Subsection (1) of the proposed new clause would impose a new quarterly reporting obligation on the responsible commander to report to the Minister in order that she can report to Parliament. The report need not be long—it can be quite short—but it must include the basic statistics outlined in the amendment.
Proposed new subsection (2) goes a little further. So that we can make sense of the report in proposed new subsection (1) and to promote the principles of transparency and accountability to which, no doubt, the MoD is committed, the report must include three key sets of documents: a copy of the relevant civilian casualty review procedure; working definitions of the
terms “casualty” and “combatant” and the standard operating procedures in place to enable the review of reports of civilian casualties. Most of these terms are drawn from the ISAF model used in Afghanistan and do not come from the MoD commitment in relation to the mission against Daesh.

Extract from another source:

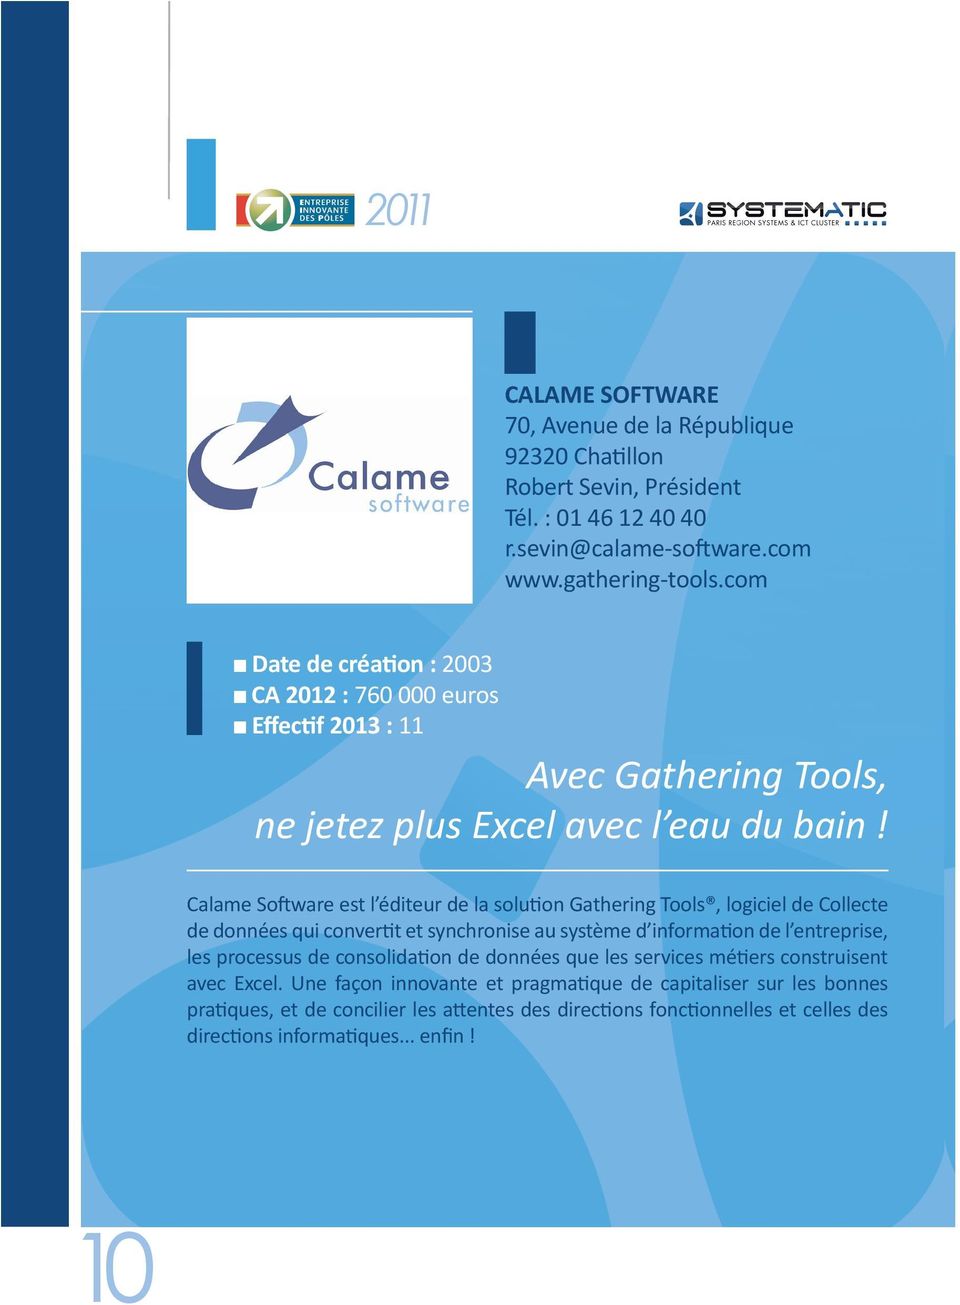 Calame Software est l éditeur de la solution Gathering Tools, logiciel de Collecte de données qui convertit et synchronise au système d information de l entreprise, les processus de

Several parliamentary Questions have been tabled in the House of Commons which suggest that a policy or procedure is under way, or at least is at an advanced stage of development. For example, the Minister for the Armed Forces has said that the Ministry will “analyse the risks” in any potential air strike in advance and,
“every strike is subject to careful post-mission scrutiny”.
However, it seems likely that the information I am seeking already exists, although possibly under a different or updated name. I would welcome my noble friend’s clarification on this point.
5.30 pm
Proposed new subsection (3) makes it clear that the air strikes carried out by UK personnel in the UK Reaper Squadrons 13 and 3, those at RAF Waddington and at Creech Air Force Base in Nevada are caught by the term “UK deployment”. This should reflect an up-to-date interpretation of the parliamentary convention requiring a debate in circumstances when we become involved in a conflict or potential conflict situation. The term “deployment” should not overlook RAF drone operators in Lincolnshire or elsewhere.

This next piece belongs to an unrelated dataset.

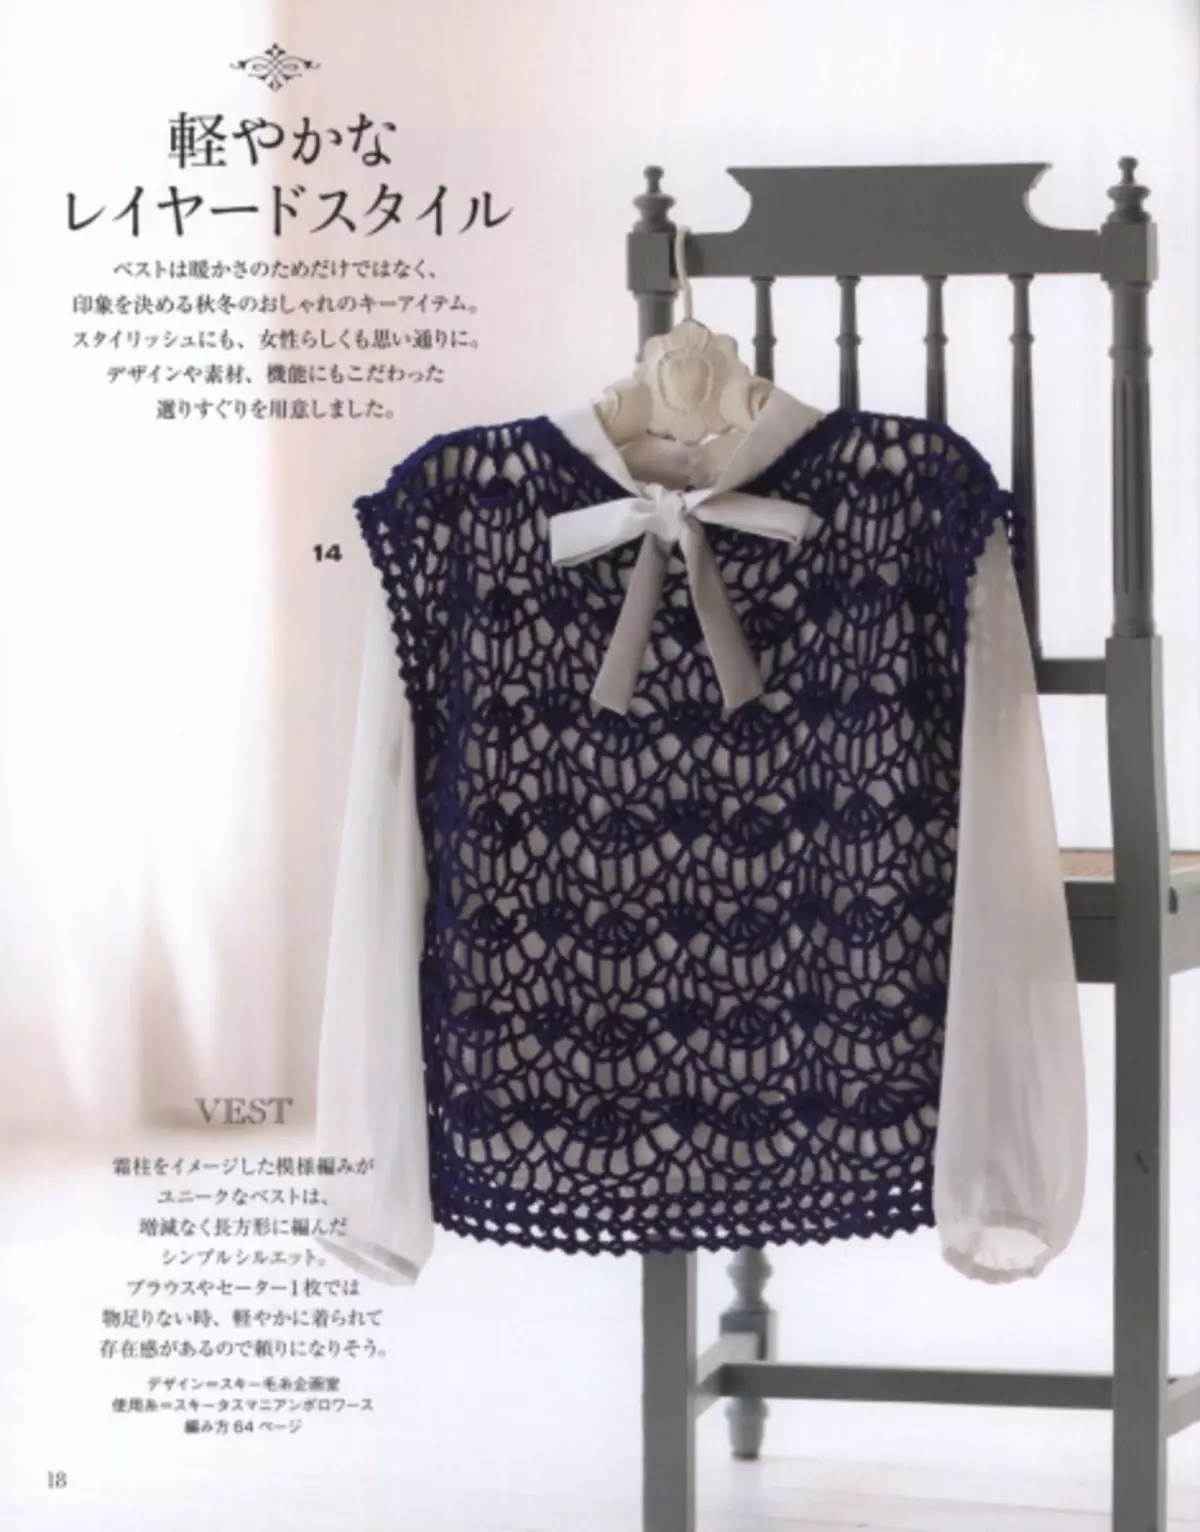 นิตยสารญี่ปุ่น

To conclude, the evolving nature of modern remote warfare puts new temptations and demands on us. Remote warfare makes our obligations to civilian casualties harder and, perhaps, more important to honour. The UN Special Rapporteur Ben Emmerson has said that,
“in any case in which civilians have been, or appear to have been, killed, there is an obligation on the State responsible to conduct a prompt, independent and impartial fact-finding inquiry and to provide a detailed public explanation”.
General McChrystal, the US commander in Afghanistan, told a conference on 25 November last year that the advanced capabilities inherent in drones operated remotely could cause decision-makers to lower the threshold for intervention and make it less likely that the second or third order effects are considered properly. A clear and transparent casualty review procedure reflecting the highest standards of British practice and international law may be one way to understand and counter the second and third order dangers referred to by General McChrystal. I suggest that these issues deserve careful consideration about how we implement this obligation in current and future remote wars and how we might best encourage our partner states to do the same. I look forward to my noble friend’s response and I beg to move Amendment 22A.